Material provided –
== Segment start ==

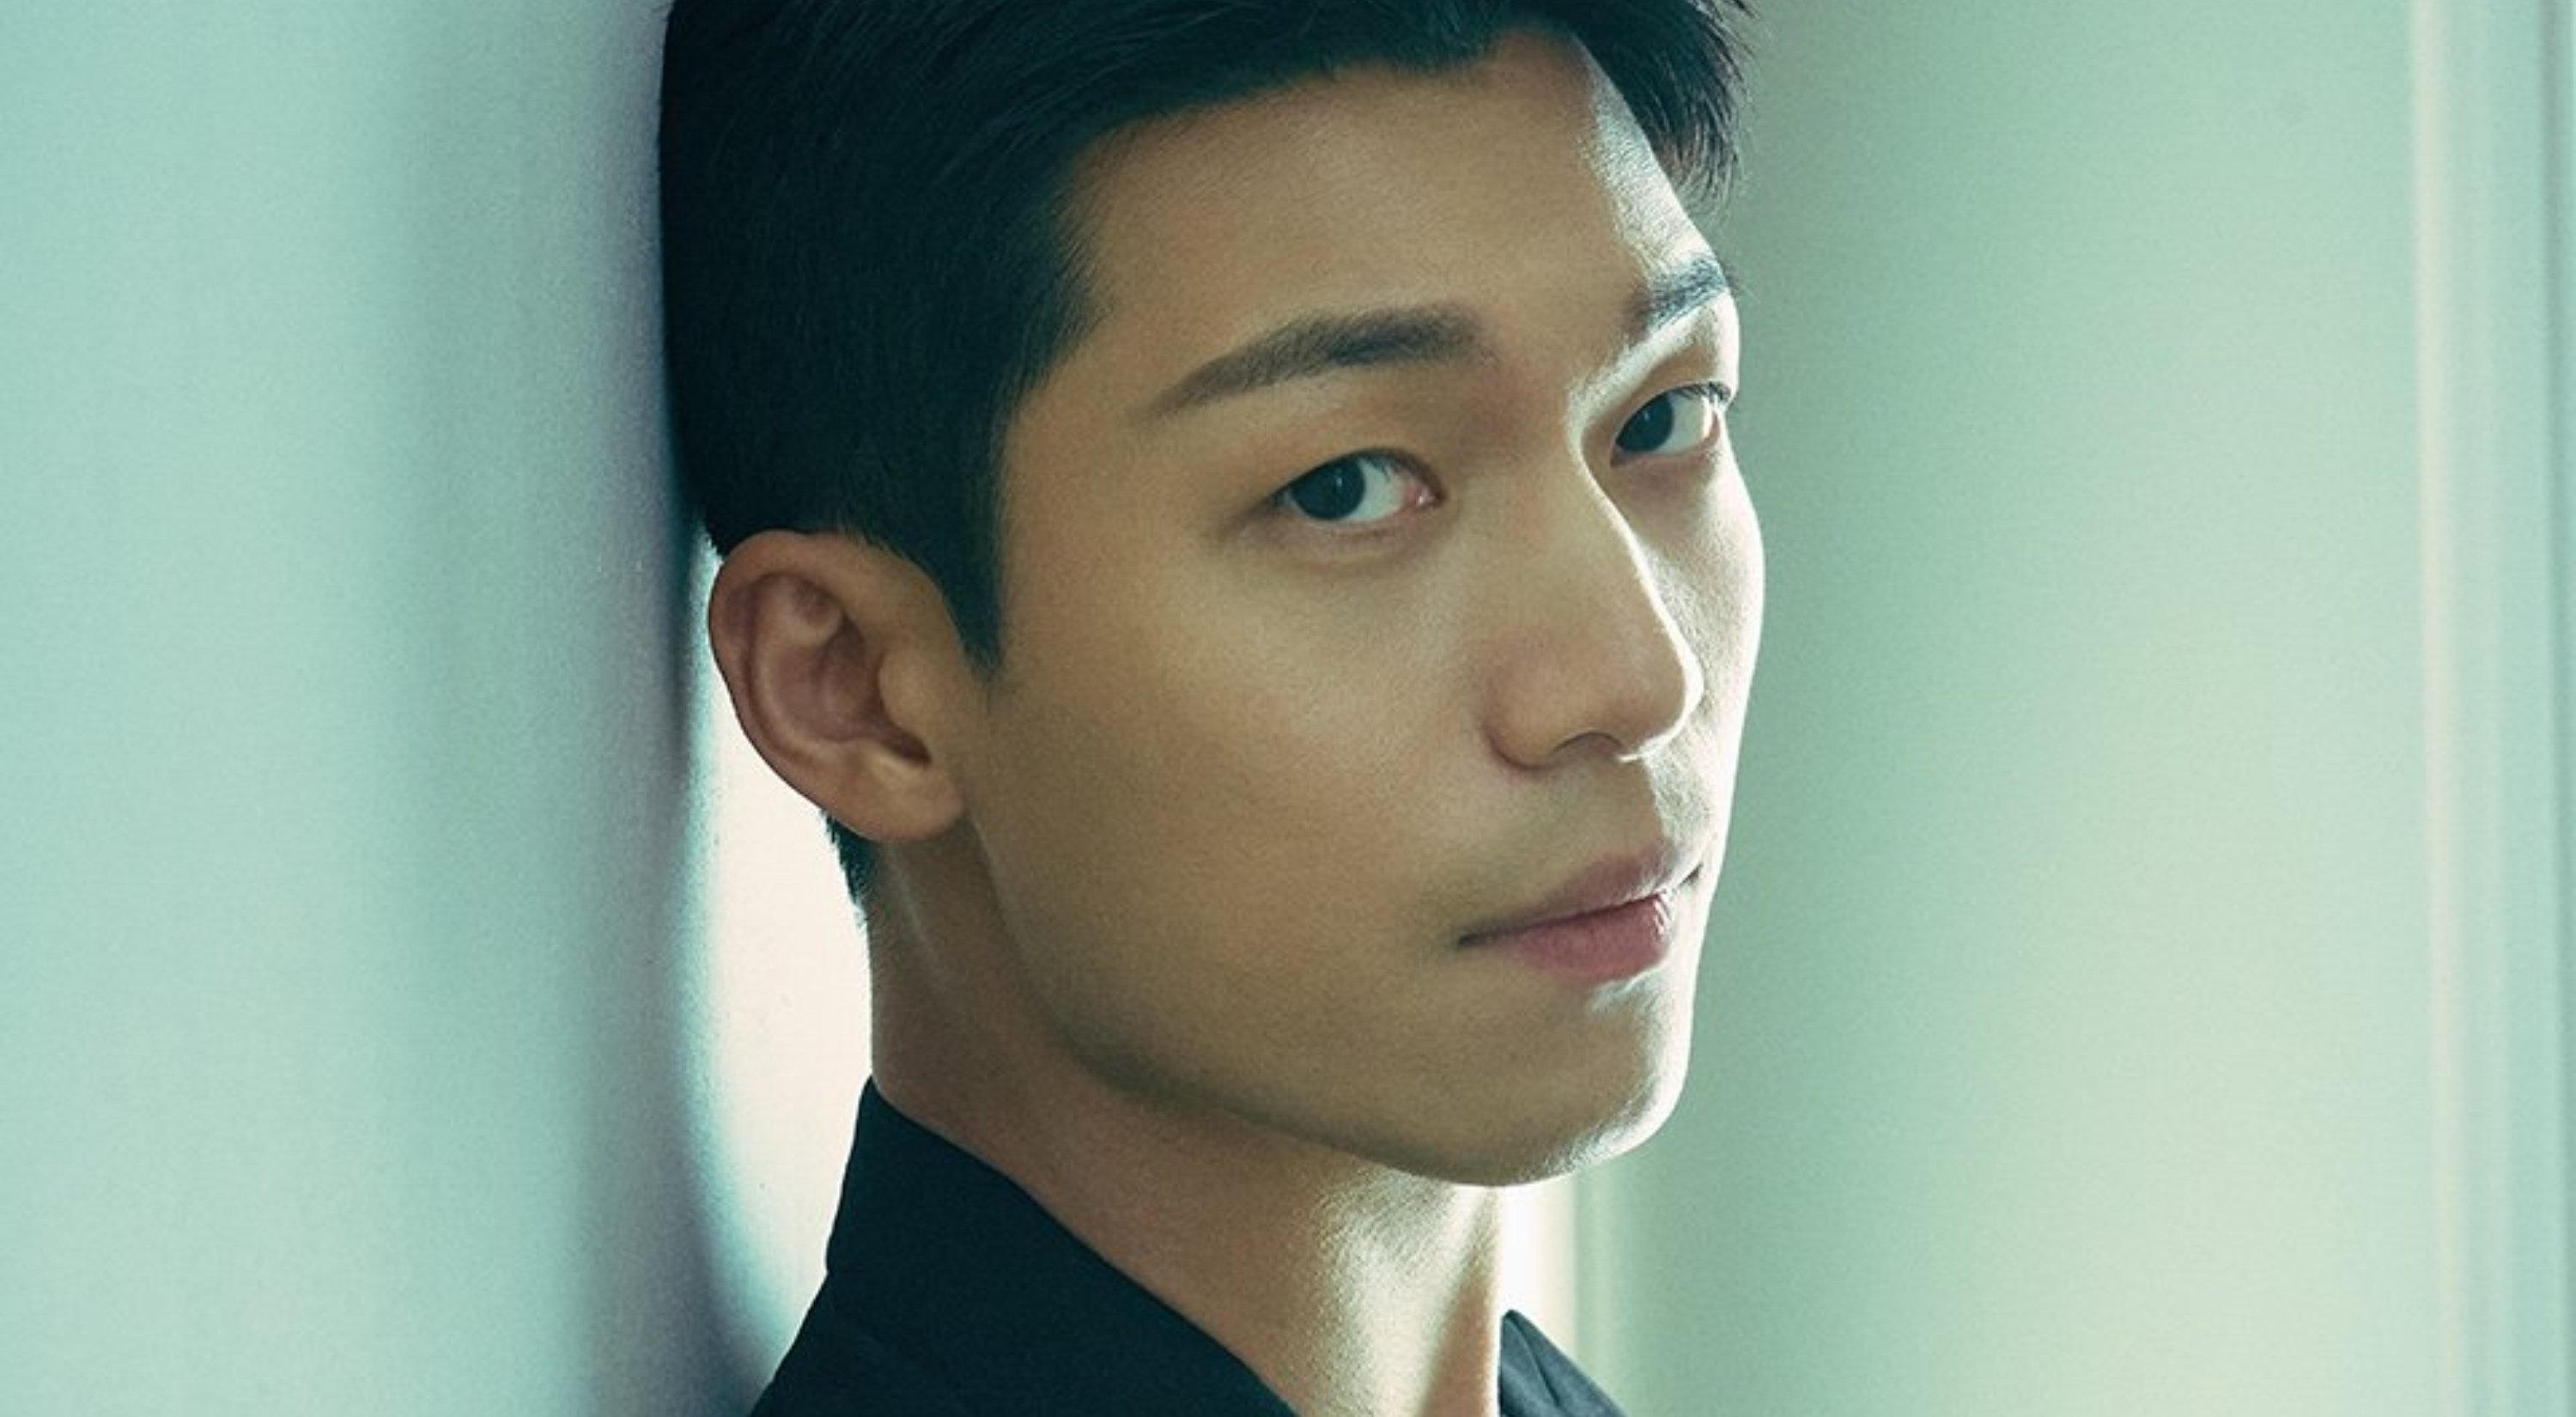 Actor Wi Ha-Joon as Hwang Jun-Ho for 'Squid Game' on Netflix wearing full black suit for photoshoot
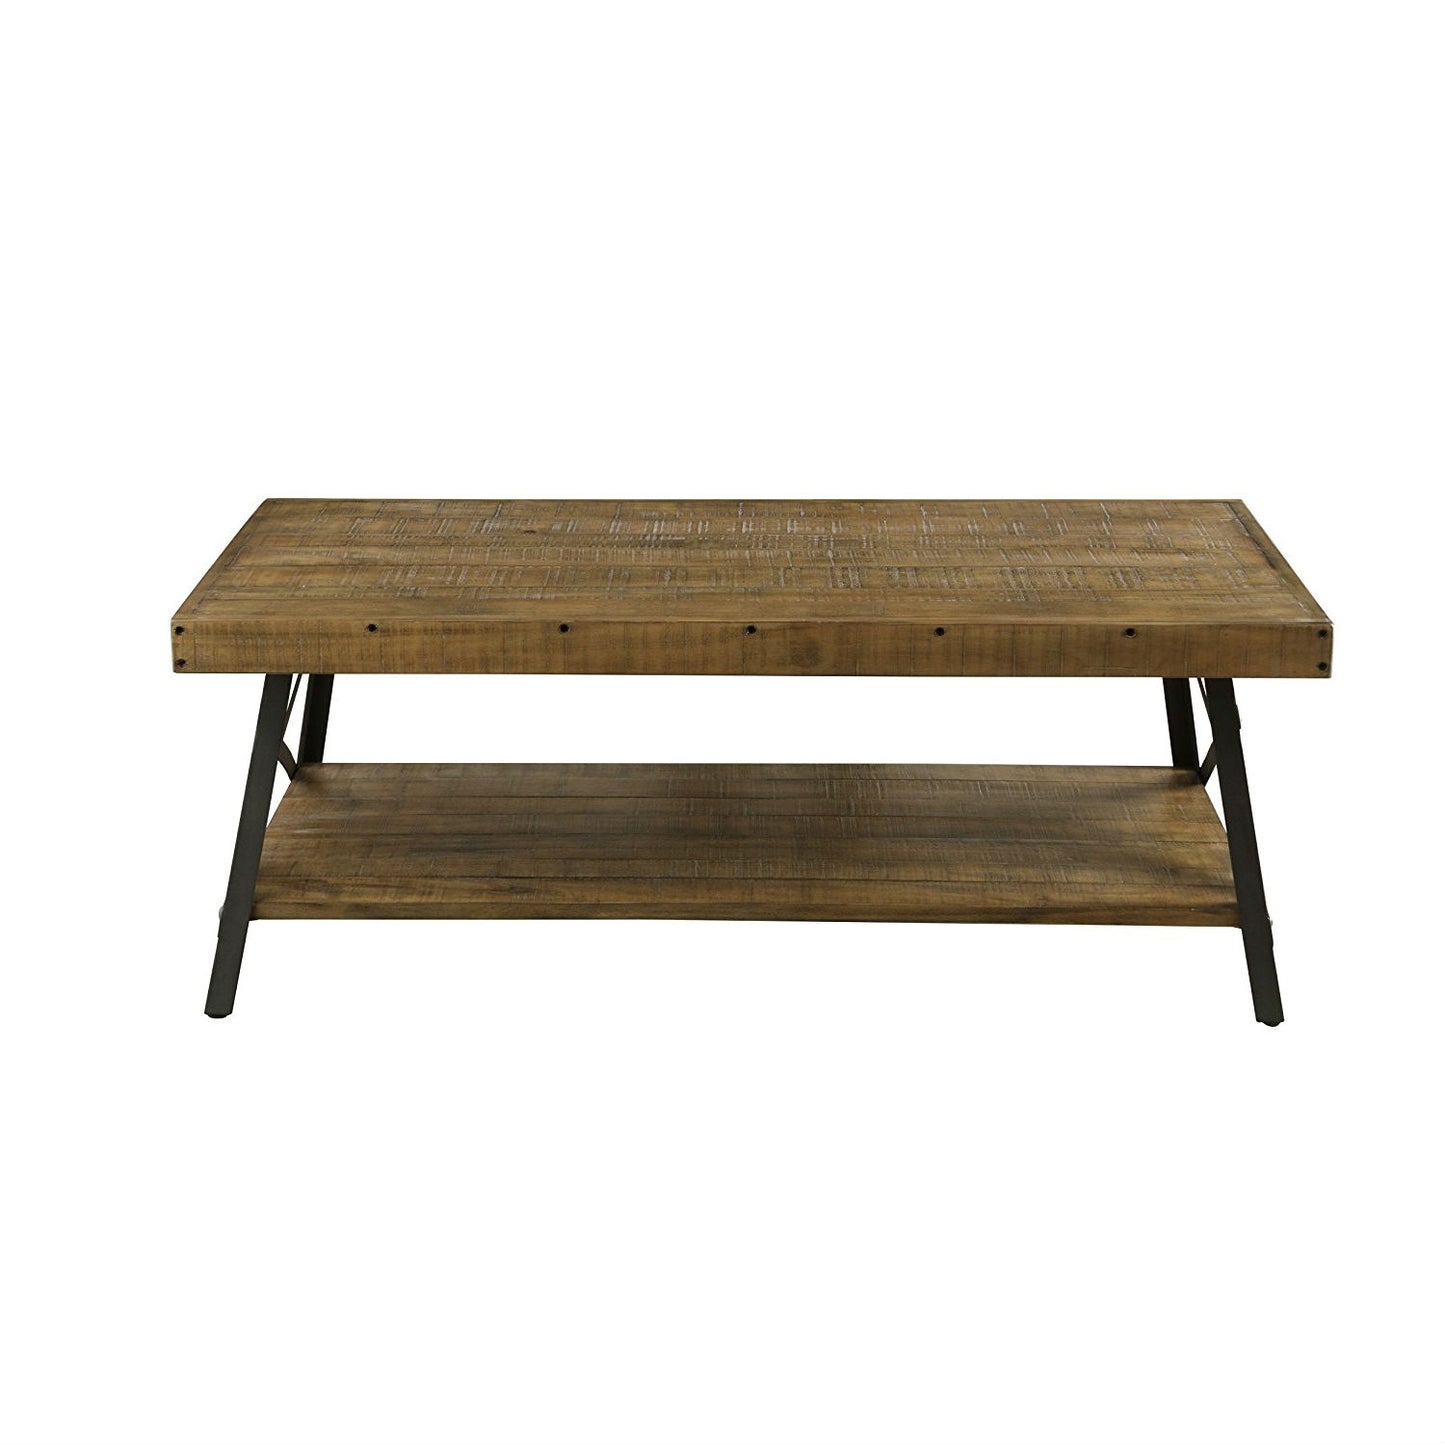 Modern Industrial Style Solid Wood Coffee Table with Steel Legs
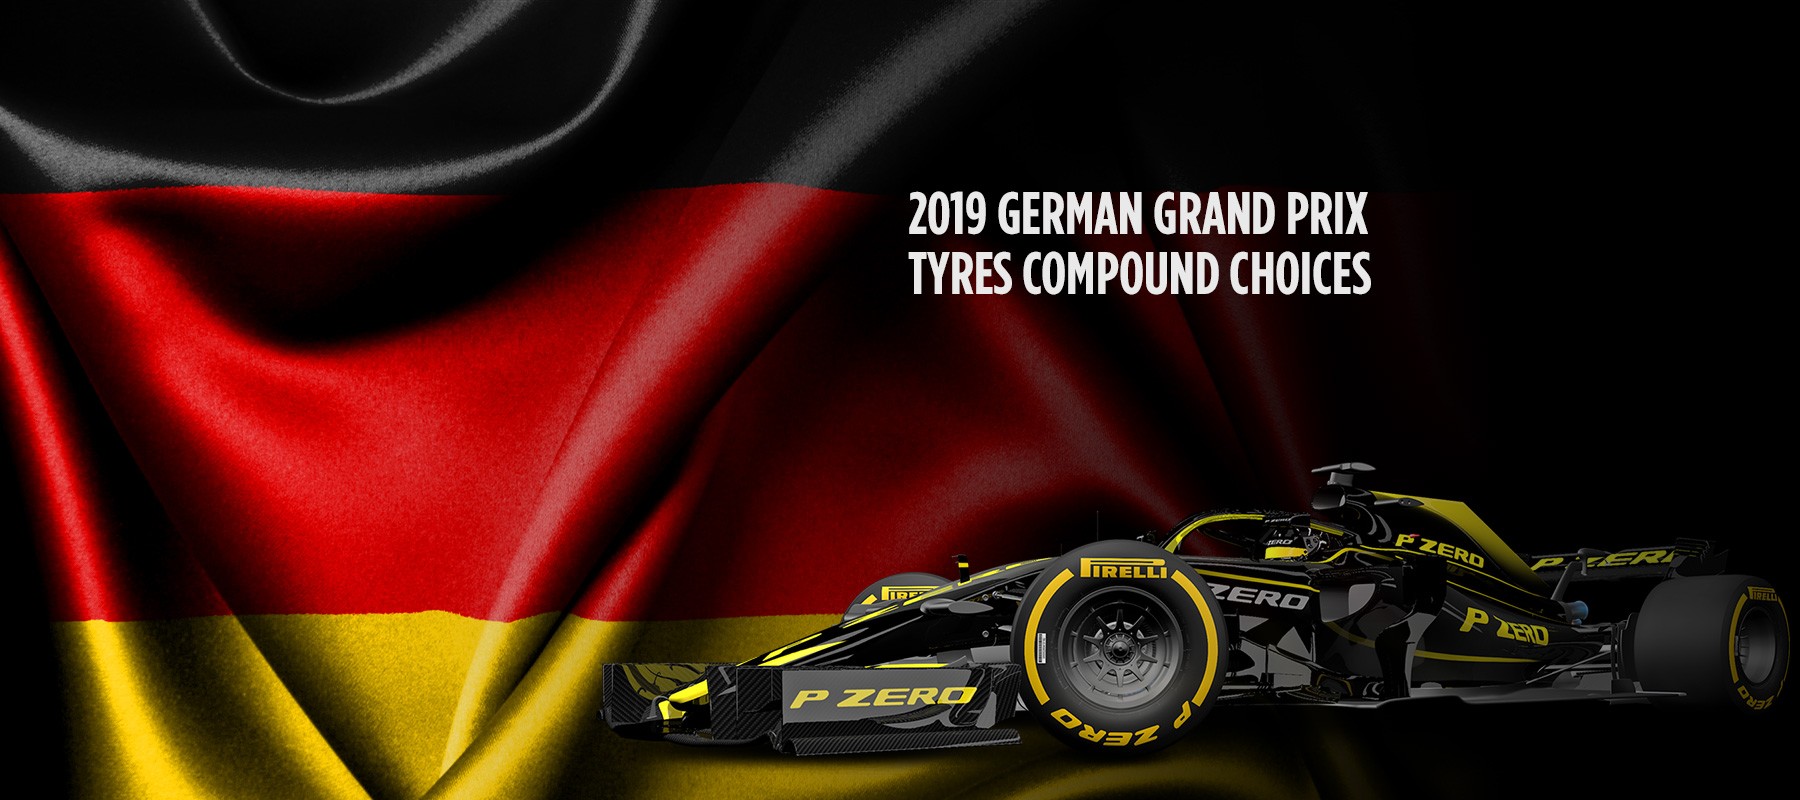 Pirelli is bringing the following compounds to the 2019 German Grand Prix

== Segment end ==

In the material above, retype exactly the lines that run from the one containing "Modern Industrial Style" through the last line, and keep out the pictures.

Solution to this problem –
 Modern Industrial Style Solid Wood Coffee Table with Steel Legs
 Pirelli is bringing the following compounds to the 2019 German Grand Prix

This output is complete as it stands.